DSP offerings heat up race to cellular basestation
By Stephan Ohr EE Times (12/06/99, 6:07 a.m. EDT)
ATLANTA — A pair of DSPs to be announced this week show that the tempo is picking up in the race for design wins in cellular basestations. The StarCore organization here will announce an RTL implementation of the SC140 core it unveiled last April. At the same time, Analog Devices Inc. (Norwood, Mass.) will announce availability of the ADSP-TS001, the first implementation of its TigerSharc static superscalar architecture.
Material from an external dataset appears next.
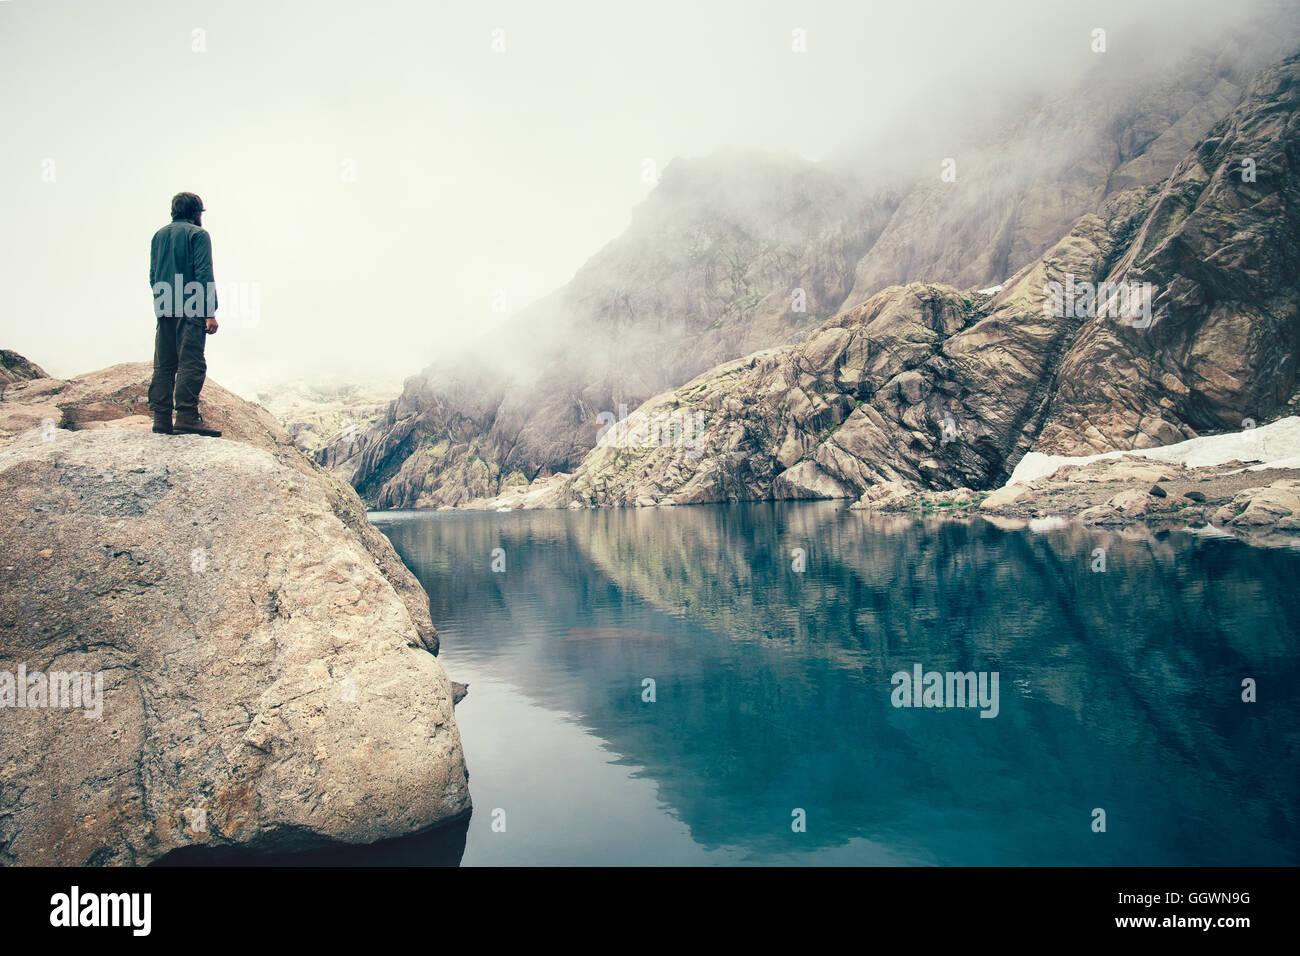 Man Traveler Standing alone on stone cliff lac et montagnes brumeuses sur le contexte de vie de plein air concept Banque D'Images

The two devices represent an early action in what is shaping up as a huge battle for slots in next-generation basestations, where a high Mips rate and low power consumption are required. Analysts say the offering from StarCore, the joint venture between Motorola Semiconductor (Austin, Texas) and Lucent Technologies Microelectronics Group (Allentown, Pa.), may be unique in fitting both basestations and — thanks to its low power consumption — handsets as well. The ability to use the same core for both applications could be a selling point, since it would save OEMs some programming effort.
Currently, Lucent and Motorola are each selling about $100 million worth of basestation DSP chips, and competitor Texas Instruments Inc. (Dallas) is selling about $50 million, said analyst Will Strauss of Forward Concepts (Tempe, Ariz.). Though TI has reported design wins for its powerful C6X VLIW processor among basestation manufacturers, it's too early to predict a winner, said Strauss. Still, he said, "StarCore's got a good shot at it."
StarCore's strategy, as elaborated by marketing and business development director Thomas Brooks, is to seed the market with SC140 test chips and software development boards, starting this month. These test chips will include 512 kbytes of built-in SRAM.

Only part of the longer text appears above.